>>>
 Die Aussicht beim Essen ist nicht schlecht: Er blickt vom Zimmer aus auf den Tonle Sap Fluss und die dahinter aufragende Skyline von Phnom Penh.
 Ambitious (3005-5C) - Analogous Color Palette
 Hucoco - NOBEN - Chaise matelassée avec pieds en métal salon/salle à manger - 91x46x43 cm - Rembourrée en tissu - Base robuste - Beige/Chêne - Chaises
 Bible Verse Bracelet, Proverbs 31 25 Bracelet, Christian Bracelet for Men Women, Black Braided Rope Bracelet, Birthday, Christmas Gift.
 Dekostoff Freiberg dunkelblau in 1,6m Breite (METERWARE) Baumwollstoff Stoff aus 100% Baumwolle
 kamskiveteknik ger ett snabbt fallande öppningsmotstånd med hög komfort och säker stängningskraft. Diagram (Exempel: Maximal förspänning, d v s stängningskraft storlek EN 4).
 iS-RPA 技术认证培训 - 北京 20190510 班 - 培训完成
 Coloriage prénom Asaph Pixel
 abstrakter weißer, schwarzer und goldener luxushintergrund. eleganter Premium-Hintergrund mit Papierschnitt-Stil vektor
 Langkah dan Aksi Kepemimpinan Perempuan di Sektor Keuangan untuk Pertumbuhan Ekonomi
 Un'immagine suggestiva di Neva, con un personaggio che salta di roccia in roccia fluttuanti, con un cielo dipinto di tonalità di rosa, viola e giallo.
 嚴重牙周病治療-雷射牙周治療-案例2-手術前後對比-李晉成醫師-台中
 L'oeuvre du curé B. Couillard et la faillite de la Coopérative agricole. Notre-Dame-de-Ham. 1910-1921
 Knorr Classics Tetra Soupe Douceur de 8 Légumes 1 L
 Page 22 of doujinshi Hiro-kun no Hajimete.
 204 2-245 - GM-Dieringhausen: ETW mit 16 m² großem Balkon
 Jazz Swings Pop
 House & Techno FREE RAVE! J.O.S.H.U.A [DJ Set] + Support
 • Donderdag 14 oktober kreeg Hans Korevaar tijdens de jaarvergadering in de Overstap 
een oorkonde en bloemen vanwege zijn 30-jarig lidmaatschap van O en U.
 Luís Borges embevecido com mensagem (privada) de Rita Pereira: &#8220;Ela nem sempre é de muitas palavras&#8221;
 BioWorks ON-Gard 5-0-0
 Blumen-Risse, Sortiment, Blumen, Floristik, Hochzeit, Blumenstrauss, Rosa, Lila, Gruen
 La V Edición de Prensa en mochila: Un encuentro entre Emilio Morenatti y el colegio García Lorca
<<<
■ Work required ■
Using the data above, reproduce every line exactly.

■ Result of the exercise ■
 Die Aussicht beim Essen ist nicht schlecht: Er blickt vom Zimmer aus auf den Tonle Sap Fluss und die dahinter aufragende Skyline von Phnom Penh.
 Ambitious (3005-5C) - Analogous Color Palette
 Hucoco - NOBEN - Chaise matelassée avec pieds en métal salon/salle à manger - 91x46x43 cm - Rembourrée en tissu - Base robuste - Beige/Chêne - Chaises
 Bible Verse Bracelet, Proverbs 31 25 Bracelet, Christian Bracelet for Men Women, Black Braided Rope Bracelet, Birthday, Christmas Gift.
 Dekostoff Freiberg dunkelblau in 1,6m Breite (METERWARE) Baumwollstoff Stoff aus 100% Baumwolle
 kamskiveteknik ger ett snabbt fallande öppningsmotstånd med hög komfort och säker stängningskraft. Diagram (Exempel: Maximal förspänning, d v s stängningskraft storlek EN 4).
 iS-RPA 技术认证培训 - 北京 20190510 班 - 培训完成
 Coloriage prénom Asaph Pixel
 abstrakter weißer, schwarzer und goldener luxushintergrund. eleganter Premium-Hintergrund mit Papierschnitt-Stil vektor
 Langkah dan Aksi Kepemimpinan Perempuan di Sektor Keuangan untuk Pertumbuhan Ekonomi
 Un'immagine suggestiva di Neva, con un personaggio che salta di roccia in roccia fluttuanti, con un cielo dipinto di tonalità di rosa, viola e giallo.
 嚴重牙周病治療-雷射牙周治療-案例2-手術前後對比-李晉成醫師-台中
 L'oeuvre du curé B. Couillard et la faillite de la Coopérative agricole. Notre-Dame-de-Ham. 1910-1921
 Knorr Classics Tetra Soupe Douceur de 8 Légumes 1 L
 Page 22 of doujinshi Hiro-kun no Hajimete.
 204 2-245 - GM-Dieringhausen: ETW mit 16 m² großem Balkon
 Jazz Swings Pop
 House & Techno FREE RAVE! J.O.S.H.U.A [DJ Set] + Support
 • Donderdag 14 oktober kreeg Hans Korevaar tijdens de jaarvergadering in de Overstap 
een oorkonde en bloemen vanwege zijn 30-jarig lidmaatschap van O en U.
 Luís Borges embevecido com mensagem (privada) de Rita Pereira: &#8220;Ela nem sempre é de muitas palavras&#8221;
 BioWorks ON-Gard 5-0-0
 Blumen-Risse, Sortiment, Blumen, Floristik, Hochzeit, Blumenstrauss, Rosa, Lila, Gruen
 La V Edición de Prensa en mochila: Un encuentro entre Emilio Morenatti y el colegio García Lorca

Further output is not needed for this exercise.